▶ _Data excerpt_:
+--

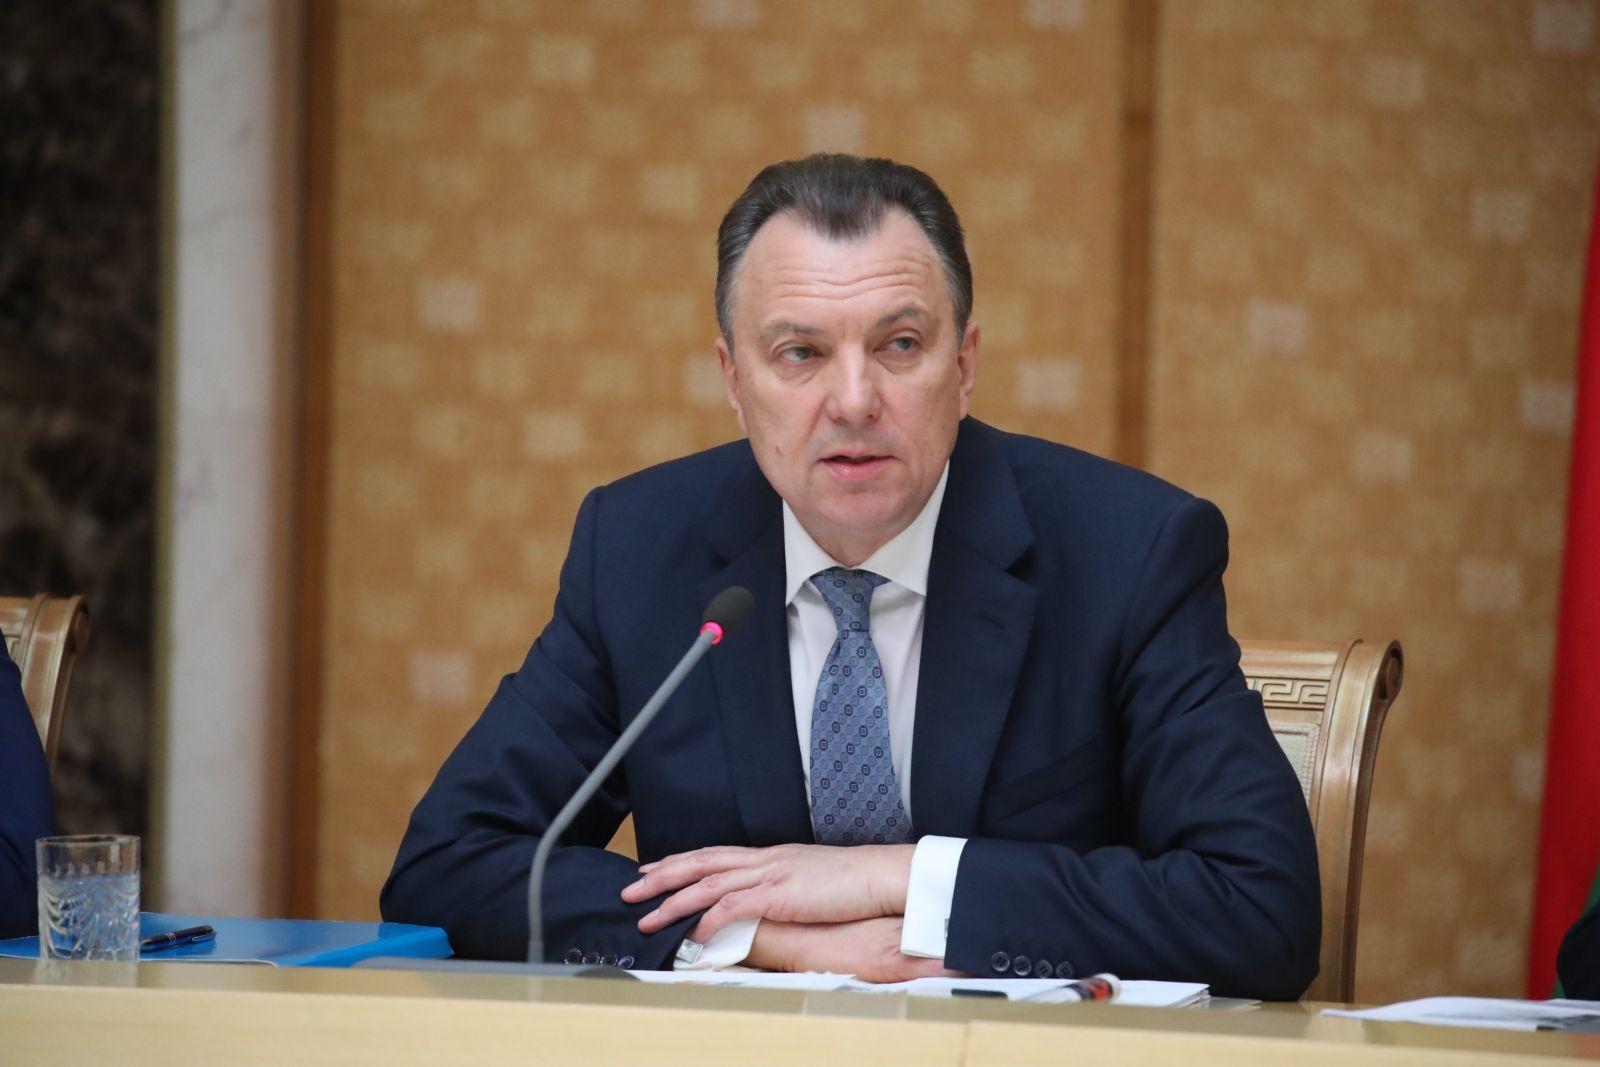 Состоялась онлайн-встреча «Беларусь – Литва: торгово-экономическое сотрудничество после пандемии» 3
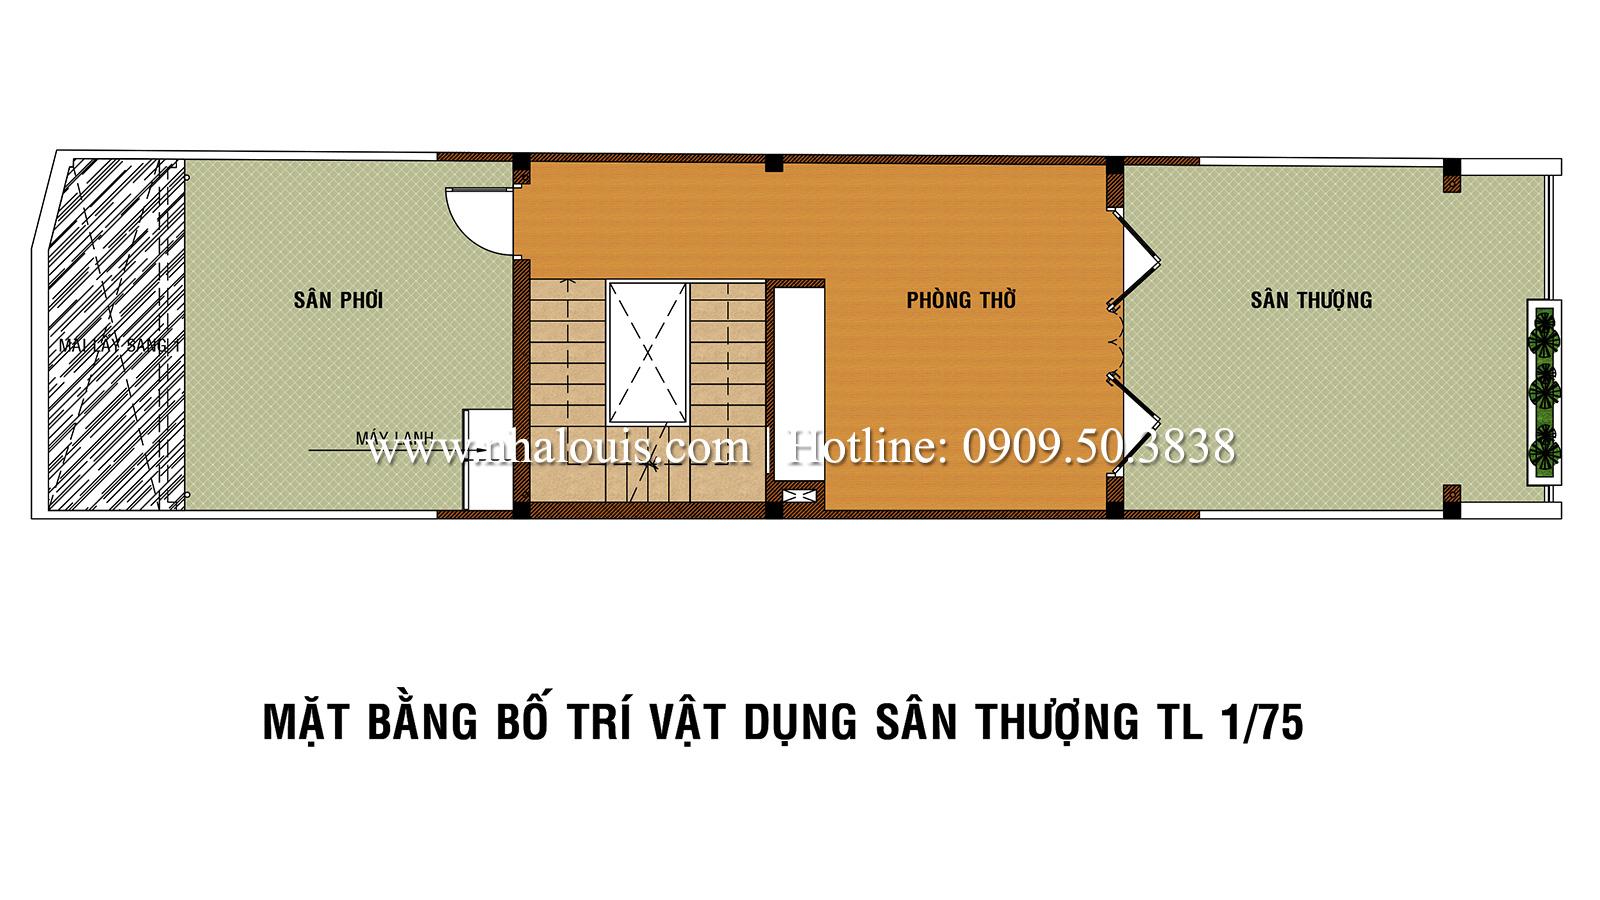 Tư vấn thiết kế nhà phố hiện đại 5 tầng sang chảnh tại quận Tân Phú - 05
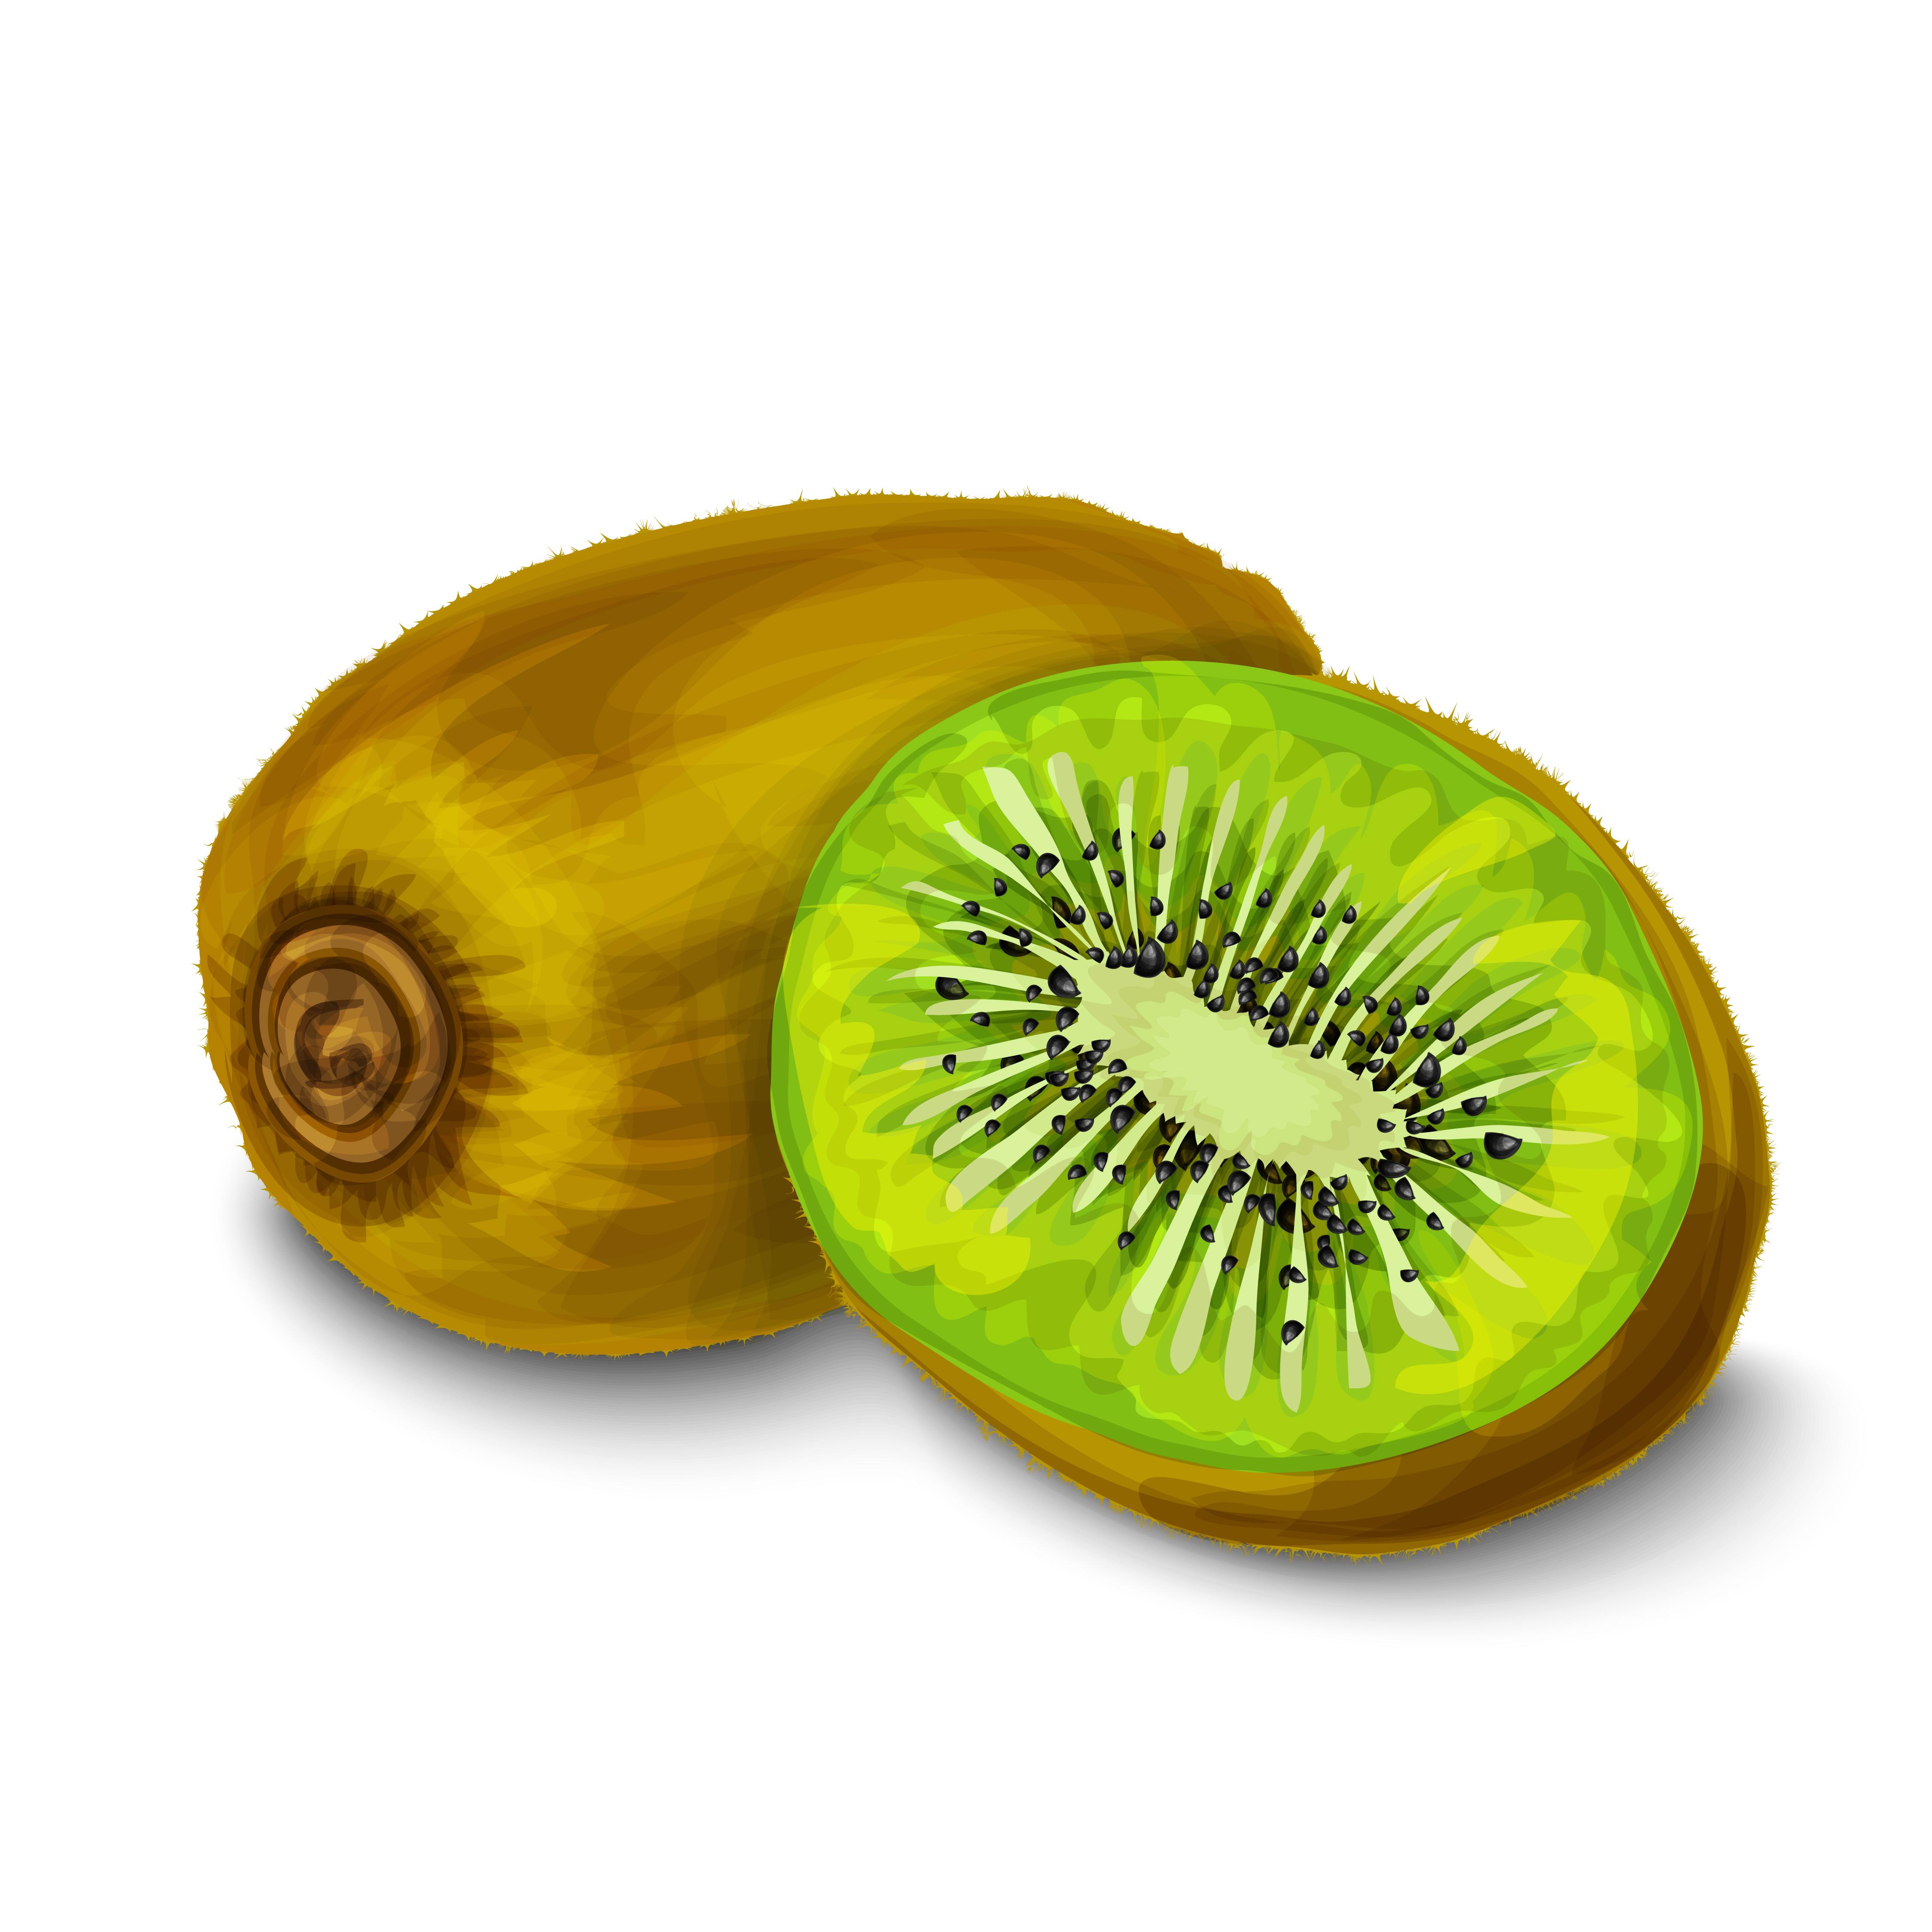 Kiwi isolated poster or emblem 459738 Vector Art at Vecteezy (4500 x 4500 Pixel)

+--

▶ _Exercise requirements_:
Images stay out, but the rest of the data above must be repeated exactly.

▶ _Answer for the task_:
 Состоялась онлайн-встреча «Беларусь – Литва: торгово-экономическое сотрудничество после пандемии» 3
 Tư vấn thiết kế nhà phố hiện đại 5 tầng sang chảnh tại quận Tân Phú - 05
 Kiwi isolated poster or emblem 459738 Vector Art at Vecteezy (4500 x 4500 Pixel)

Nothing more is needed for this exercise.